=== Records for this task ===

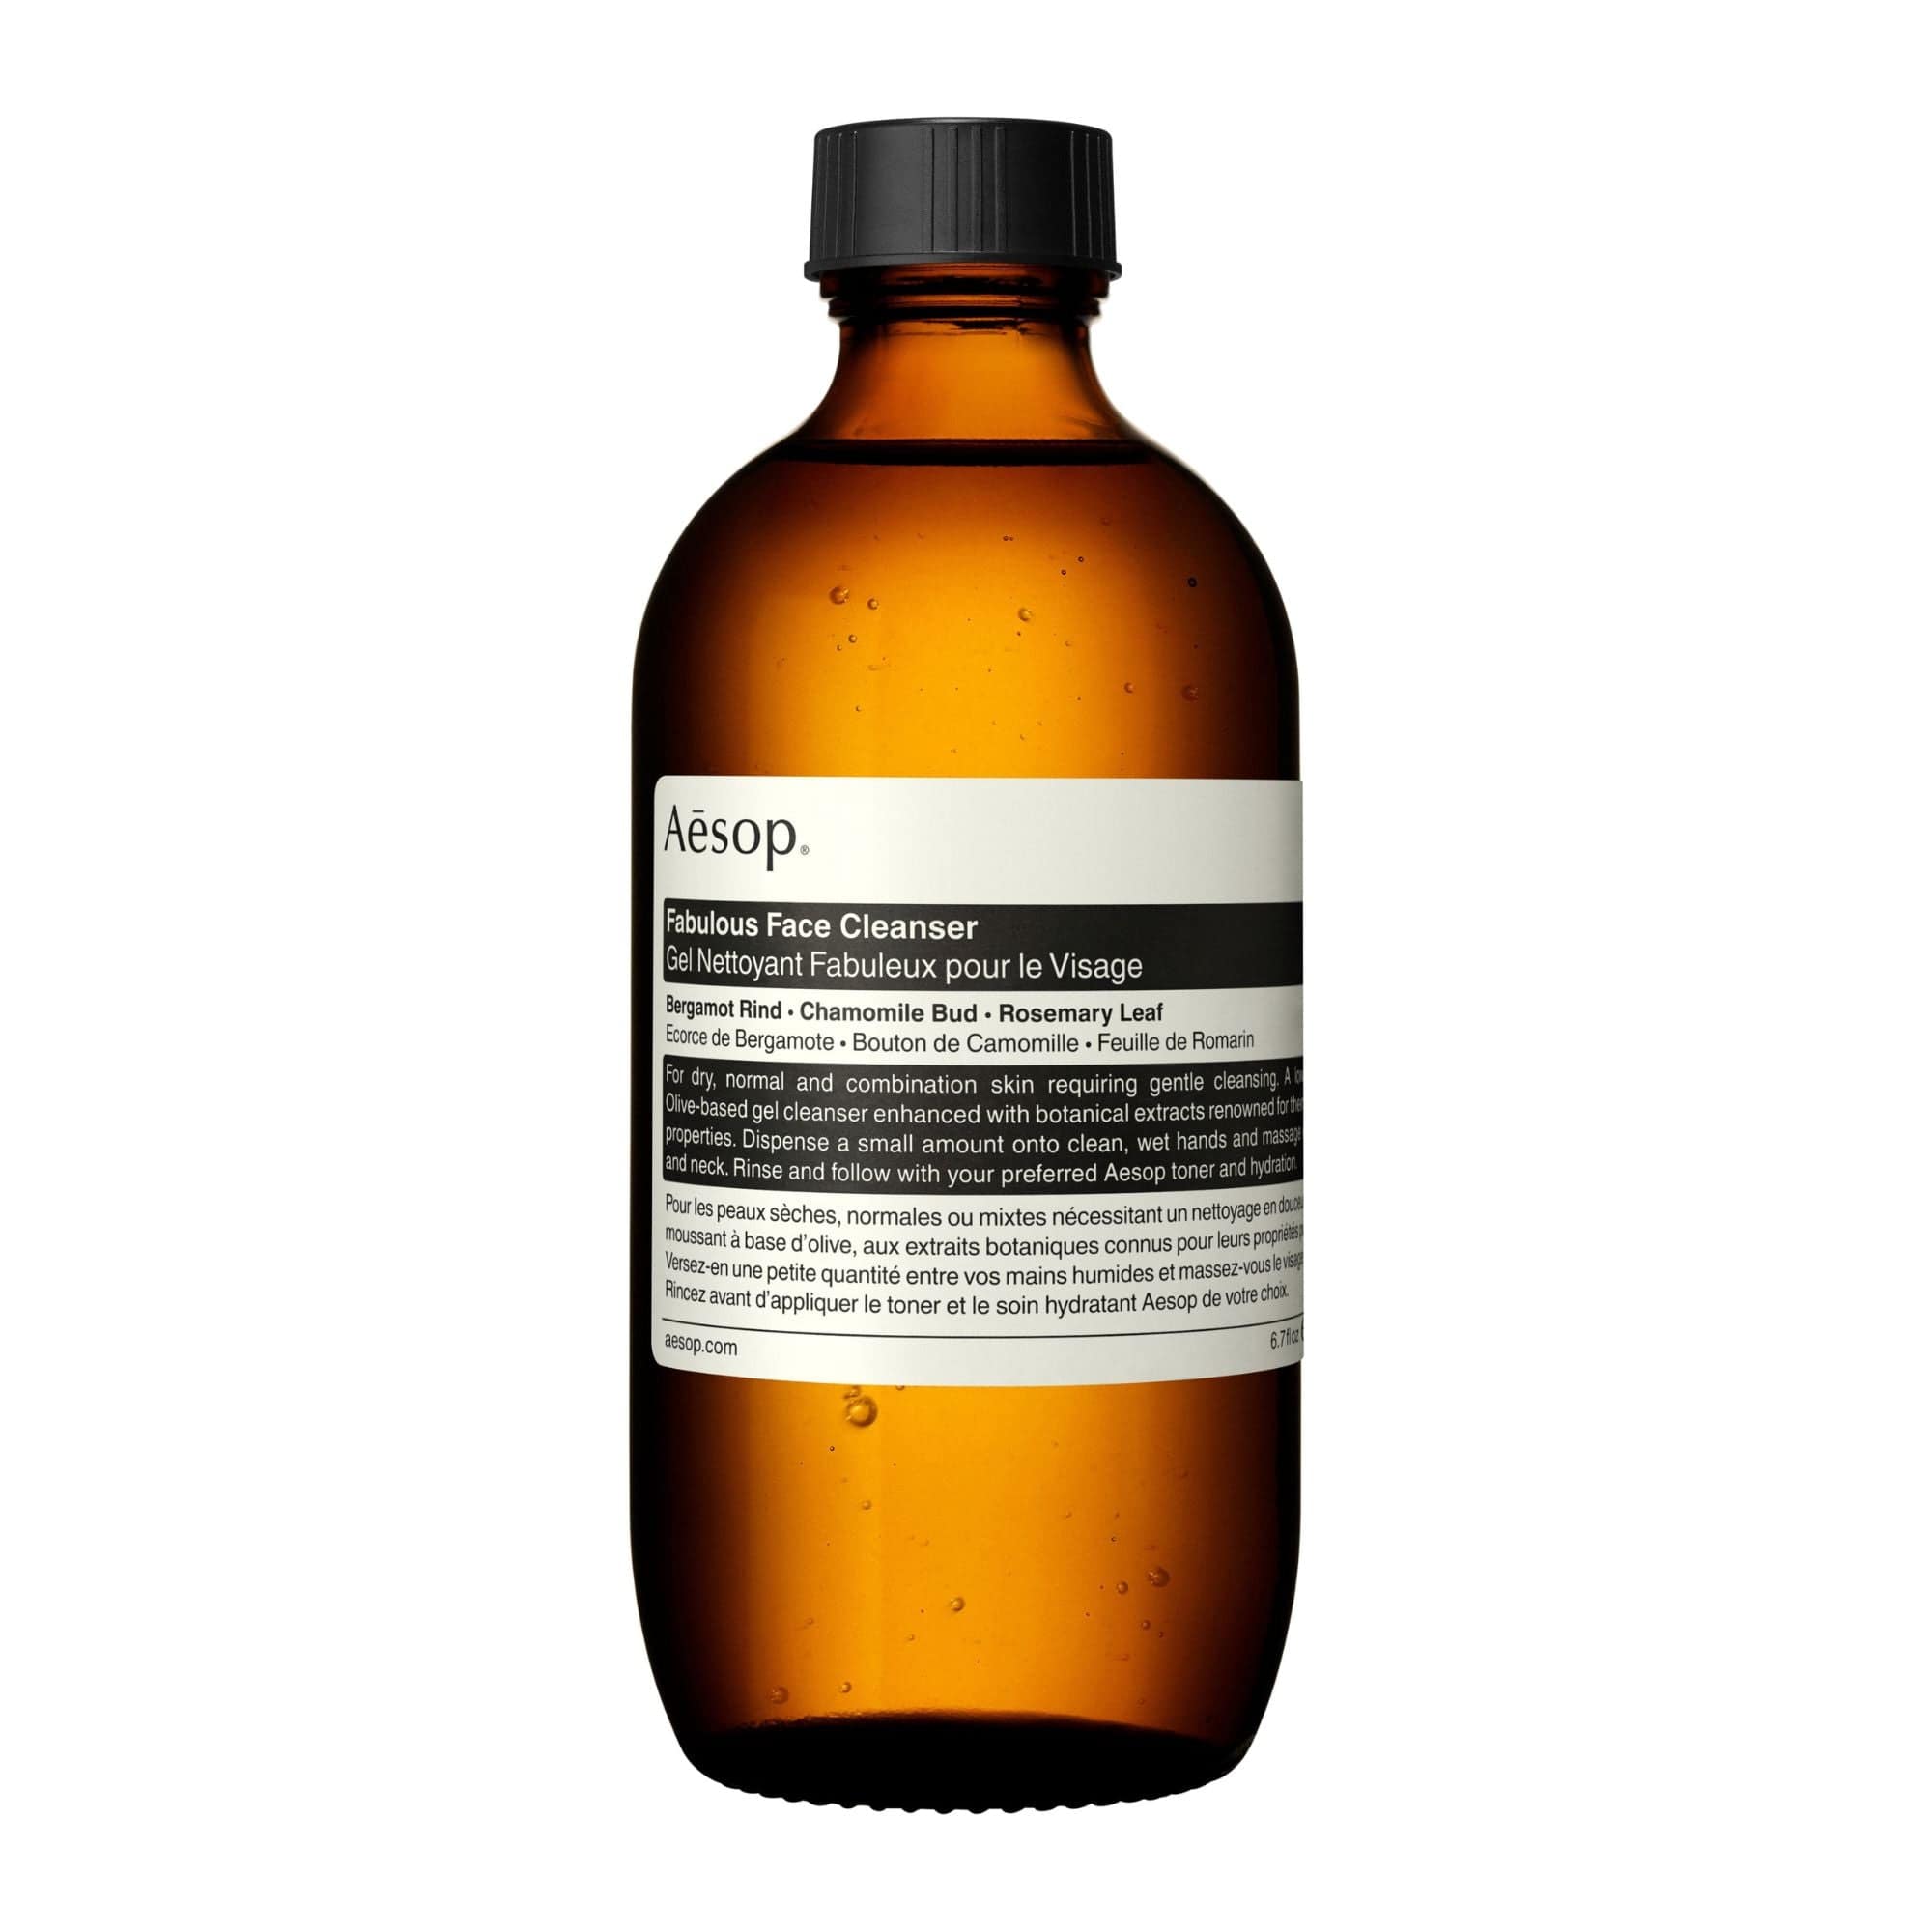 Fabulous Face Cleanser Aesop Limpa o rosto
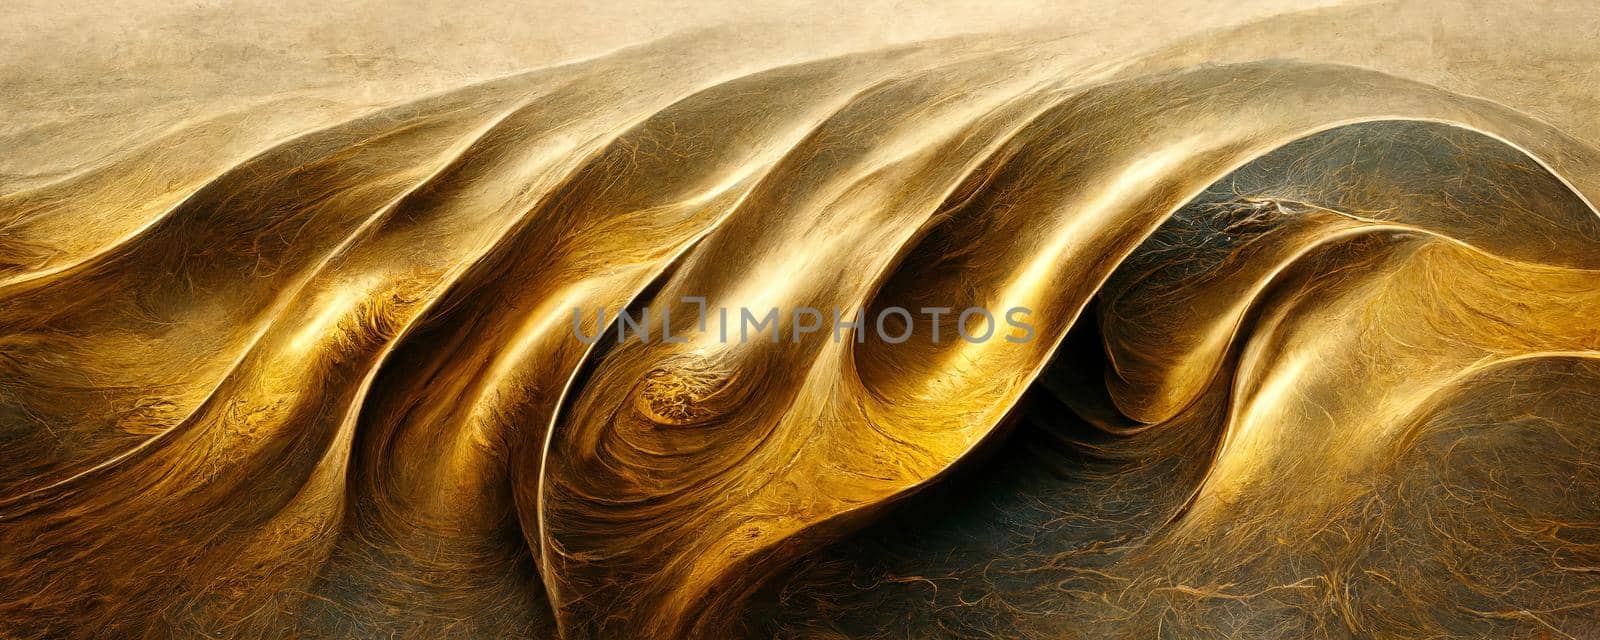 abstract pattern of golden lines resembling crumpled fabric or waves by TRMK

===
=== Records for this task ===

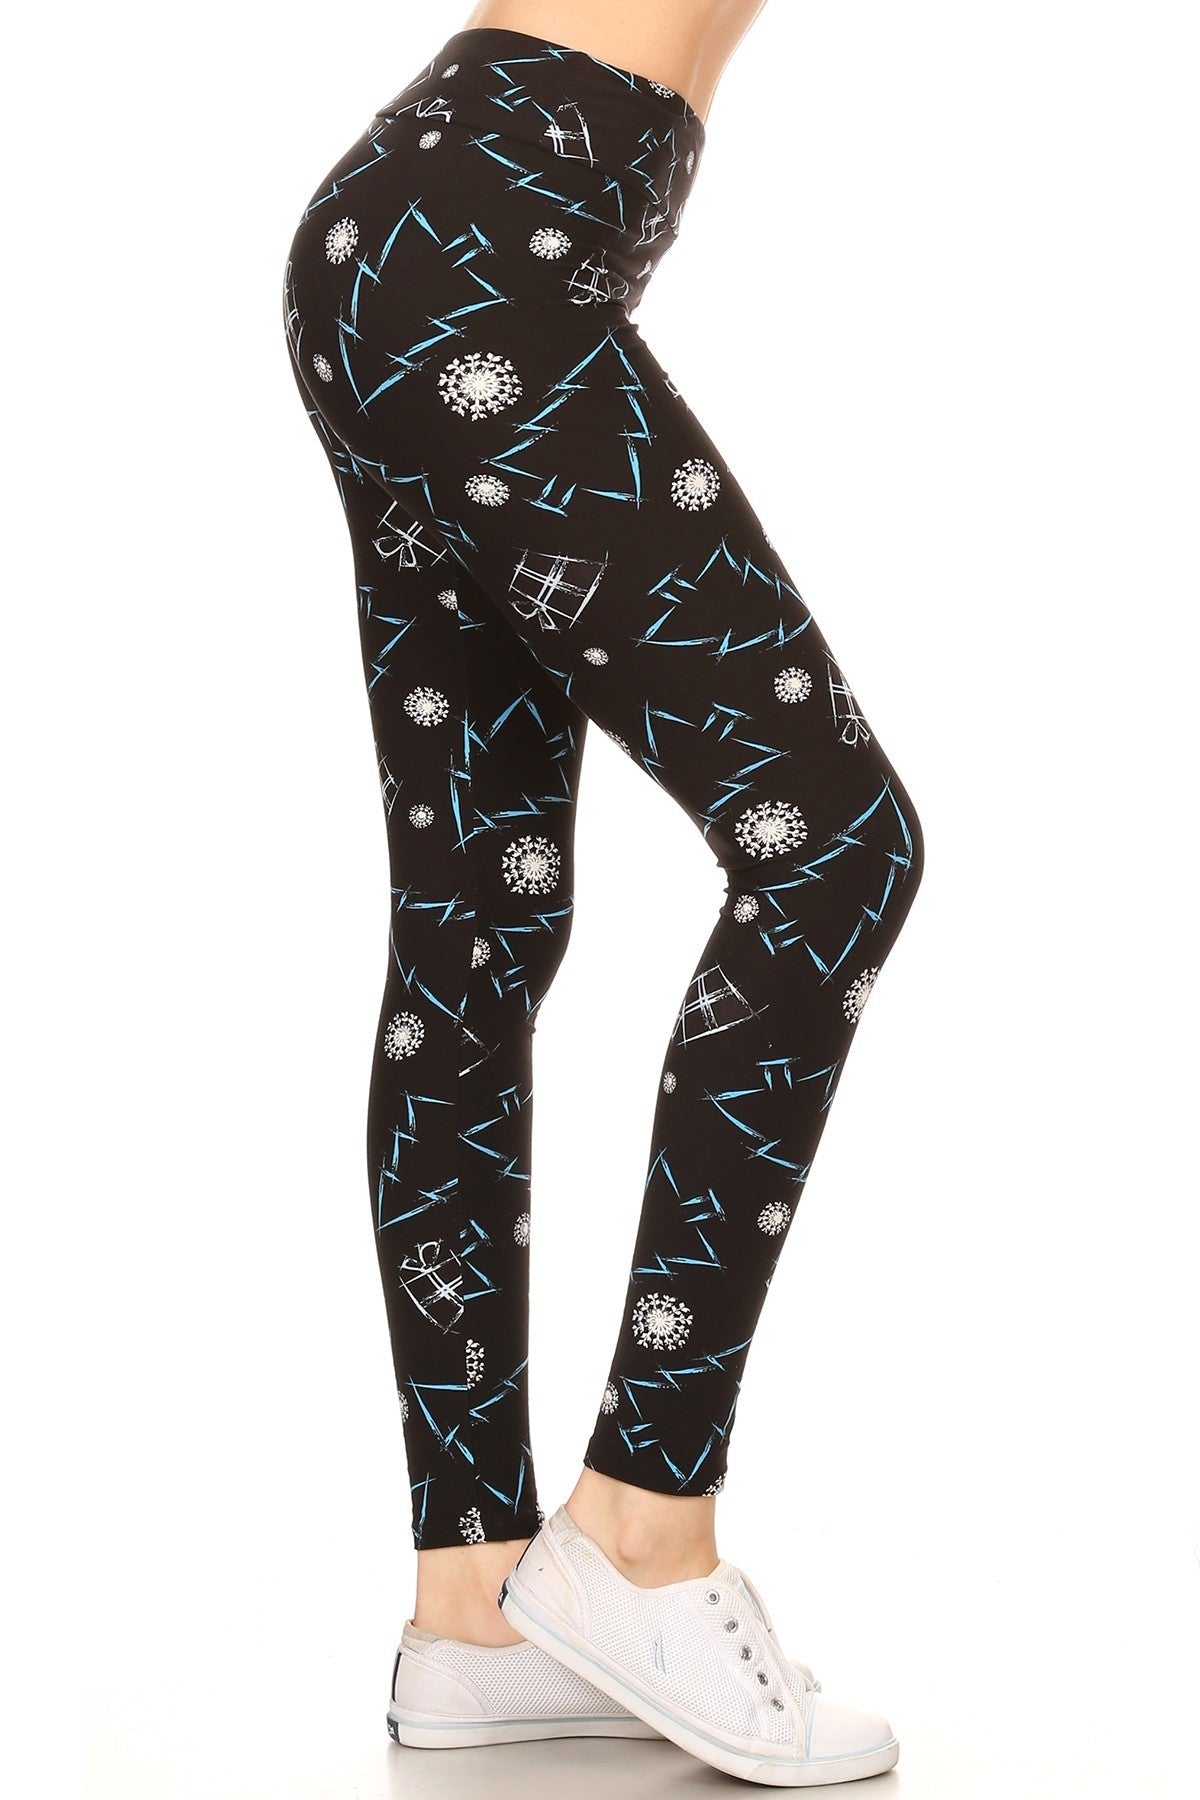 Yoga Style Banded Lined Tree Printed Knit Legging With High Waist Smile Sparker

===

### What you are asked to do
Exactly reproduce the lines above, starting at the one that contains "Fabulous Face Cleanser Aesop Limpa o rosto" and ending at the one that contains "abstract pattern of", both inclusive; leave the pictures out and add no other lines.

### Result for this task
 Fabulous Face Cleanser Aesop Limpa o rosto
 abstract pattern of golden lines resembling crumpled fabric or waves by TRMK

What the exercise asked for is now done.